Our goal is to test whether it is possible to predict the gender of a given name using a Naive Bayes classifier. In order to be able to make a quantitative assessment of the accuracy of the classifier, we have to split our data into a training dataset and a testing dataset. To minimize any bias, the assignment of the names into those datasets should be done randomly. In order for our results to be reproducible, we set a seed for the random number generator. This ensures that the random number generator will always behave the same way.


In [ ]:
import random
random.seed(1)
random.shuffle(Names)
len(Names)

We assign the majority of the names to the training set. Roughly 10% of the data are assigned to the test set.


In [ ]:
train_set, test_set = Names[:7000], Names[7000:]
len(test_set)/(len(Names))

Next, we need to decide the features that we want to use in order predict the gender of a name. Our first attempt to predict the gender of a word uses just a single feature. This feature is the substring containing the last two characters of the name.

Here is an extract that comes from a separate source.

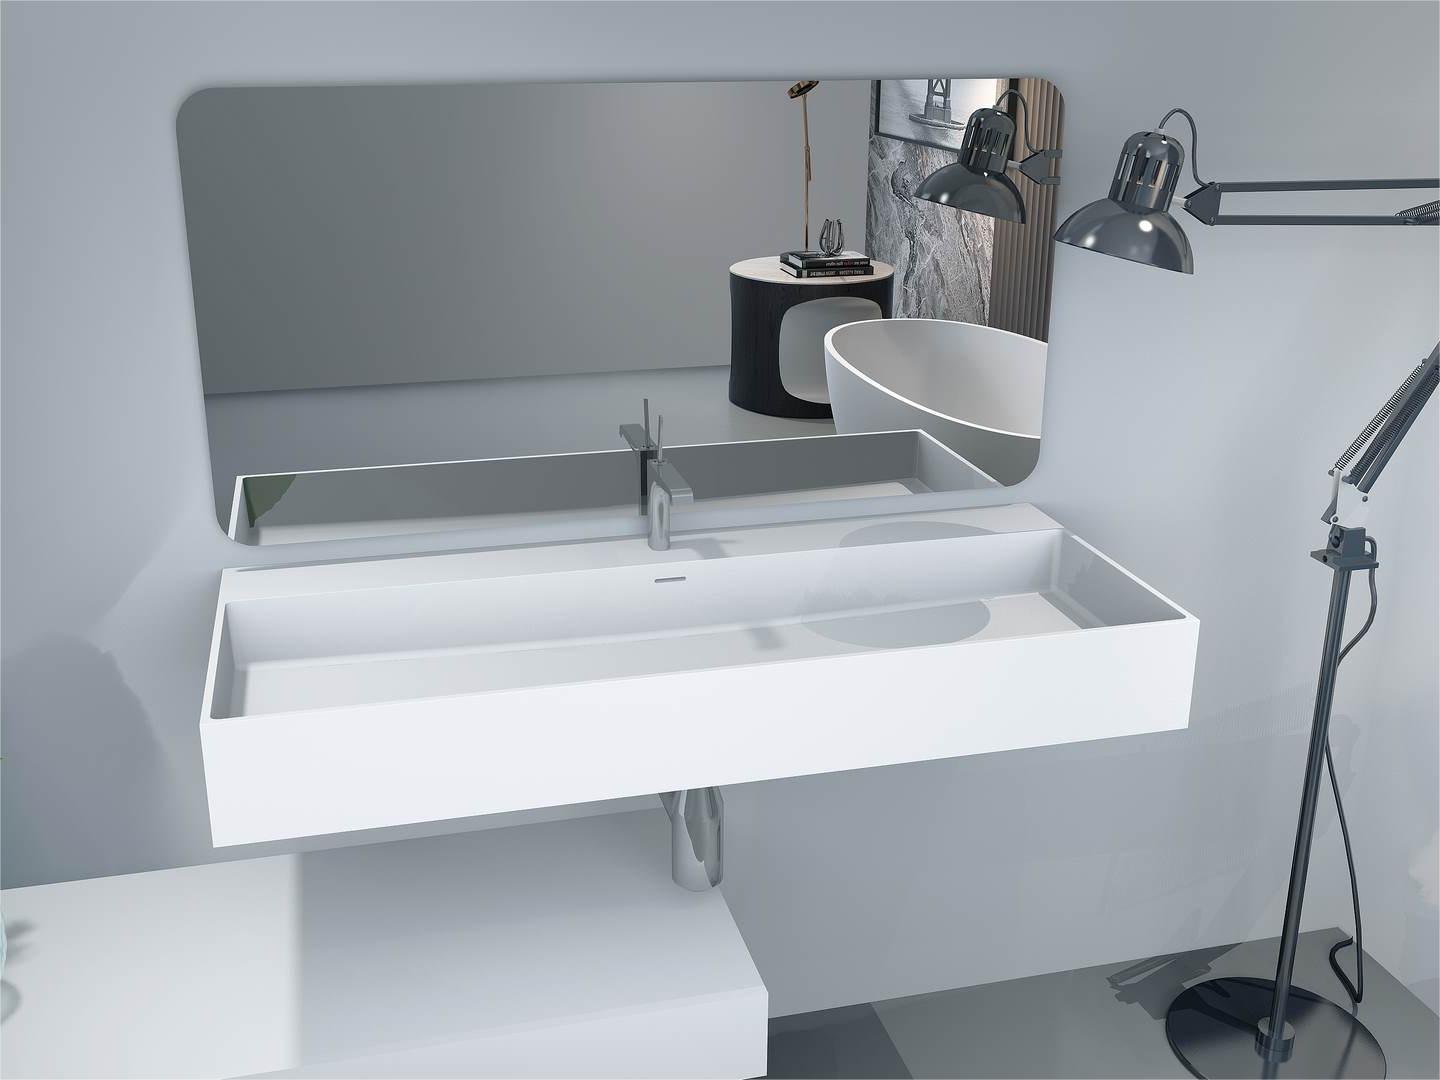 wash basin ideas for bathroom frpm Cpingao

The classifiers that are already implemented in NLTK assume a special format for the features: The features of an object to be classified have to be implemented as a dictionary. The keys of the features are supposed to be short descriptions of the features. Later, we will try to increase the accuracy of our prediction by adding more features.


In [ ]:
def gender_features(word):
    return { 'ending': word[-2:] }

Let's test this function on the name 'Hugo'.


In [ ]:
gender_features('Hugo')

We have to transform the names in our training set into features in order to train a classifier.


In [ ]:
train_set_features = [(gender_features(n), g) for (n, g) in train_set]
train_set_features[:10]

Now we are ready to train our first classifier. To begin with, we use a NaiveBayesClassifier, which is already predefined in the module nltk.


In [ ]:
classifier = nltk.NaiveBayesClassifier.train(train_set_features)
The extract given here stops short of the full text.